● **Task description**
Your copy starts at the line containing "Платье в пол" and ends at the last line of the material below. Reproduce those lines exactly, with no pictures.

----- Data extract

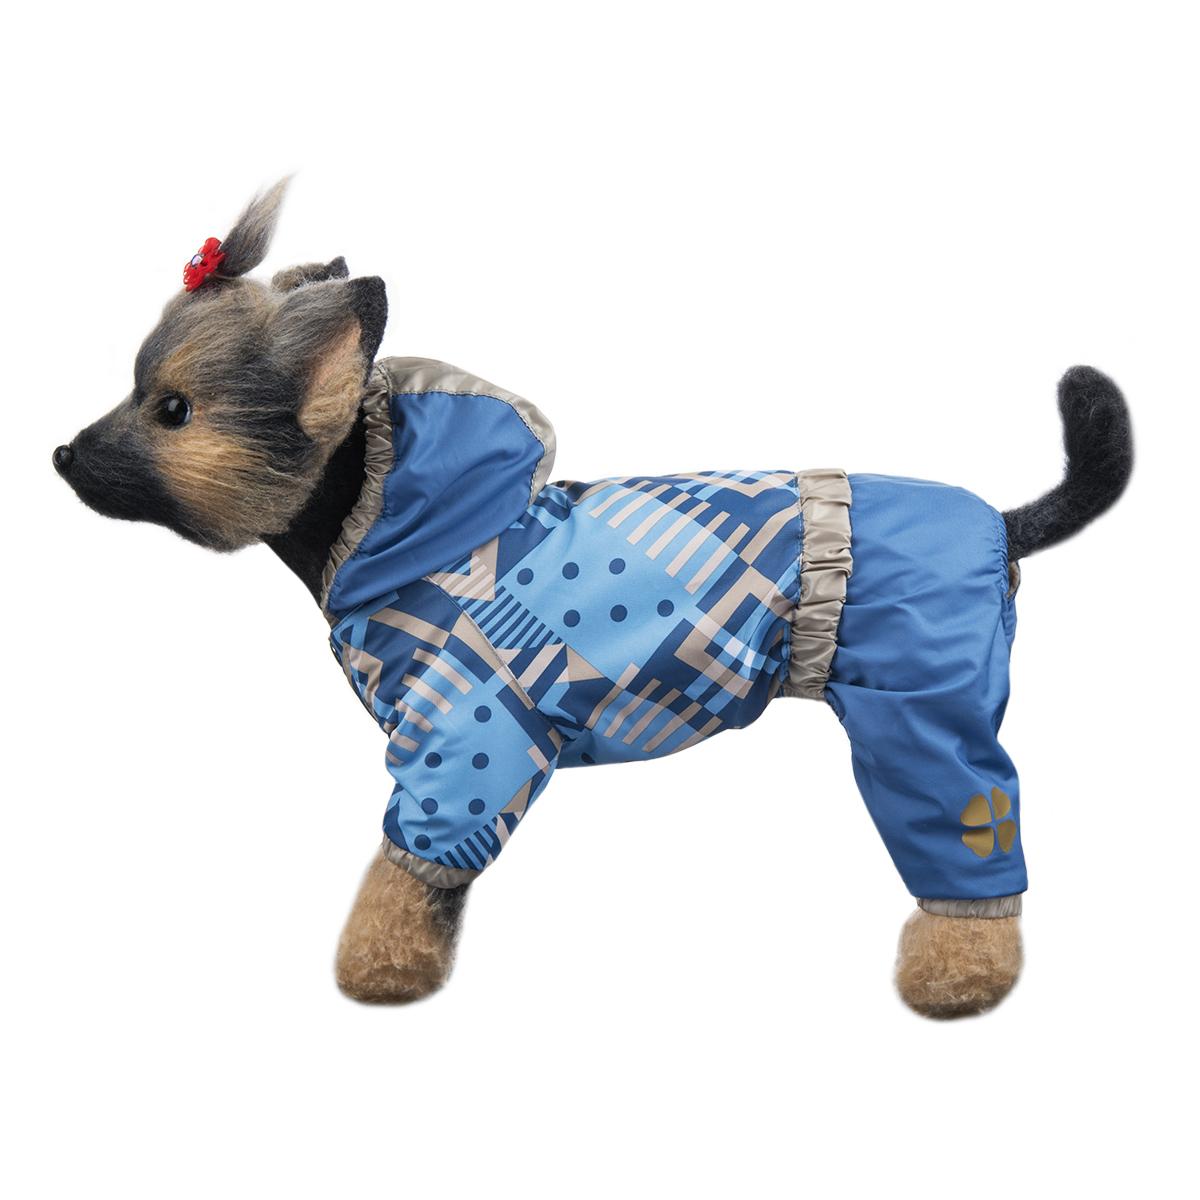 """Комбинезон для собак Dogmoda """"Прогулочный"""", унисекс, цвет: голубой, серый. Размер 1 (S)"""
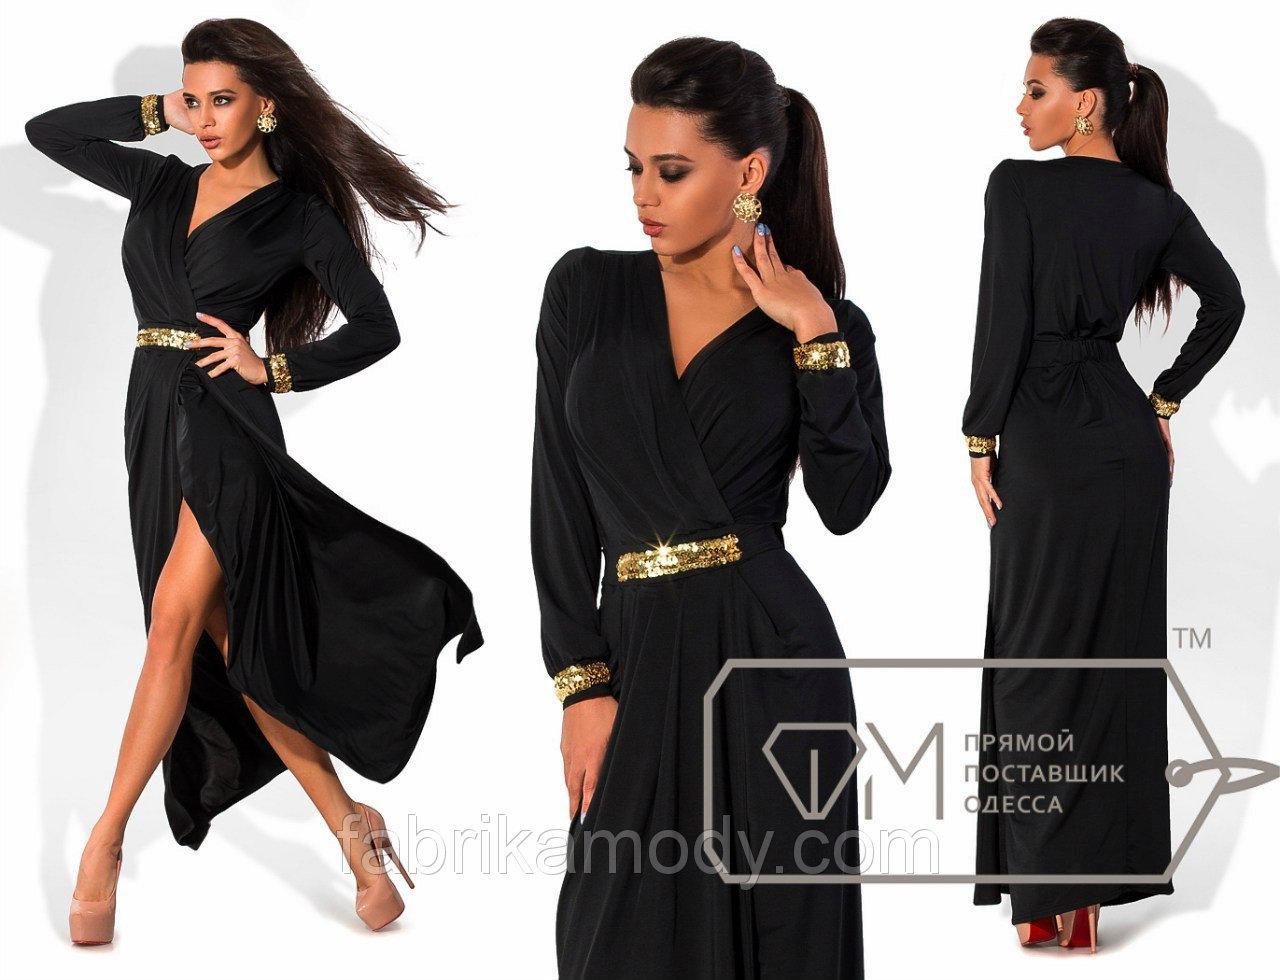 Платье в пол прямое на запахе с драпировкой из микромасла с пайетками на поясе и на манжетах рукавов 6794
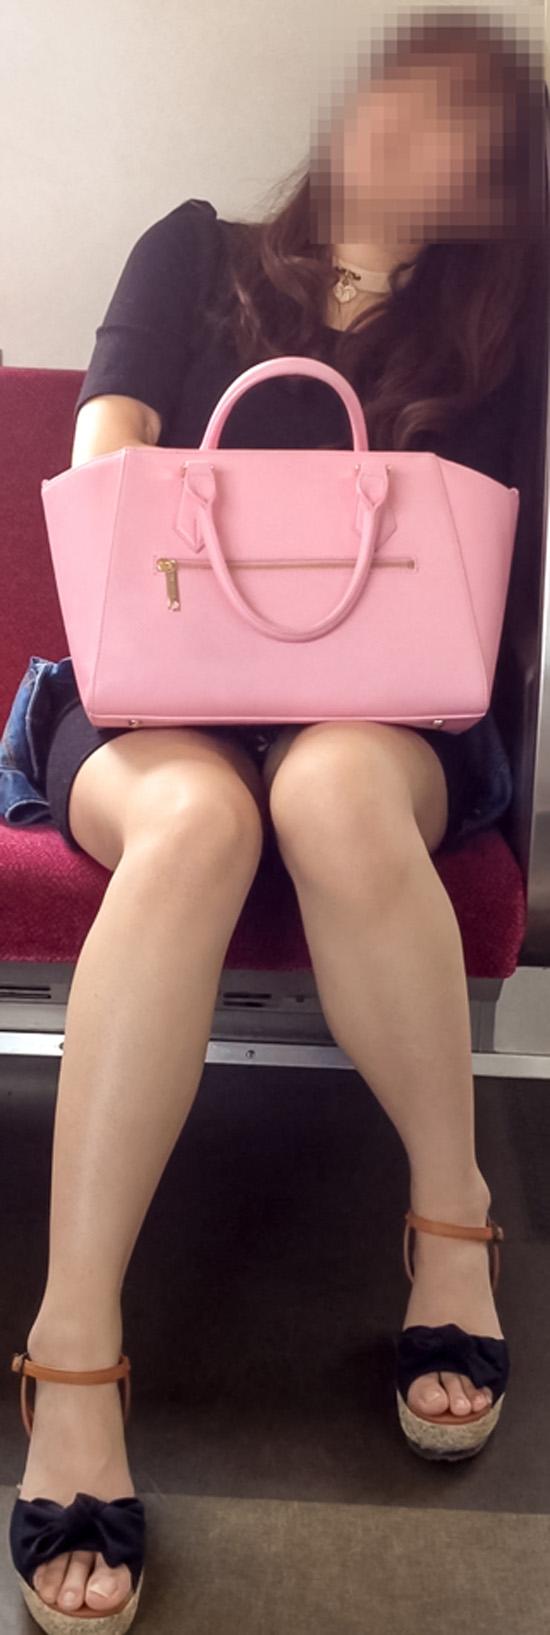 【パンチラエロ画像】座っていればいつか拝めるw電車内の対面ミニスカチラwww 26
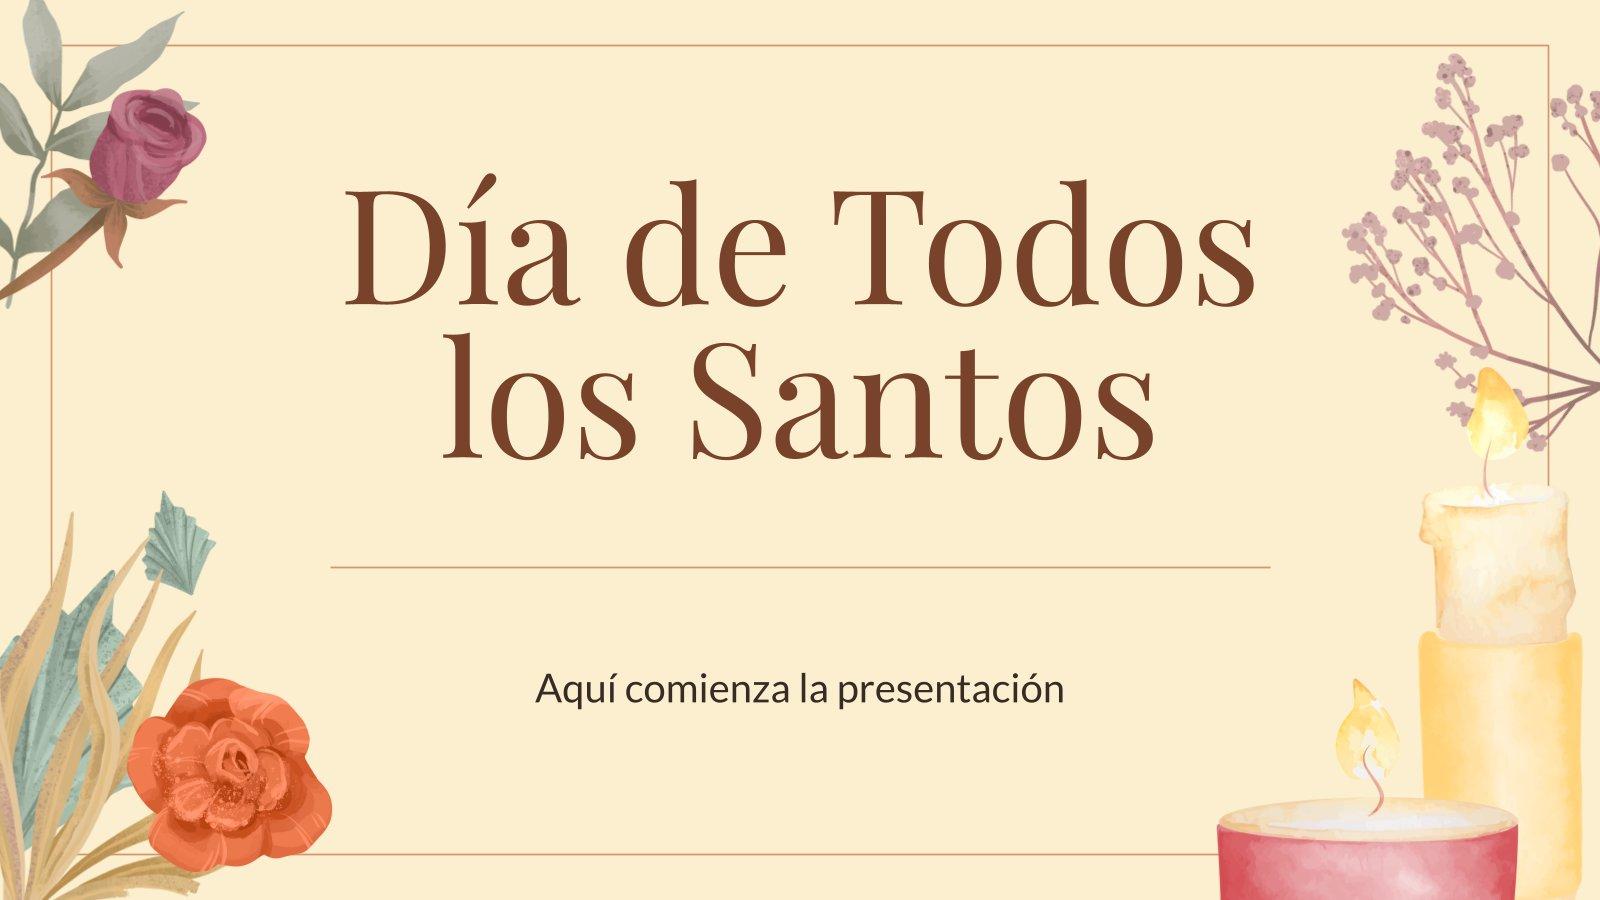 Modelo de apresentação Dia de Todos os Santos no mundo hispânico

----------

● **Task response**
 Платье в пол прямое на запахе с драпировкой из микромасла с пайетками на поясе и на манжетах рукавов 6794
 【パンチラエロ画像】座っていればいつか拝めるw電車内の対面ミニスカチラwww 26
 Modelo de apresentação Dia de Todos os Santos no mundo hispânico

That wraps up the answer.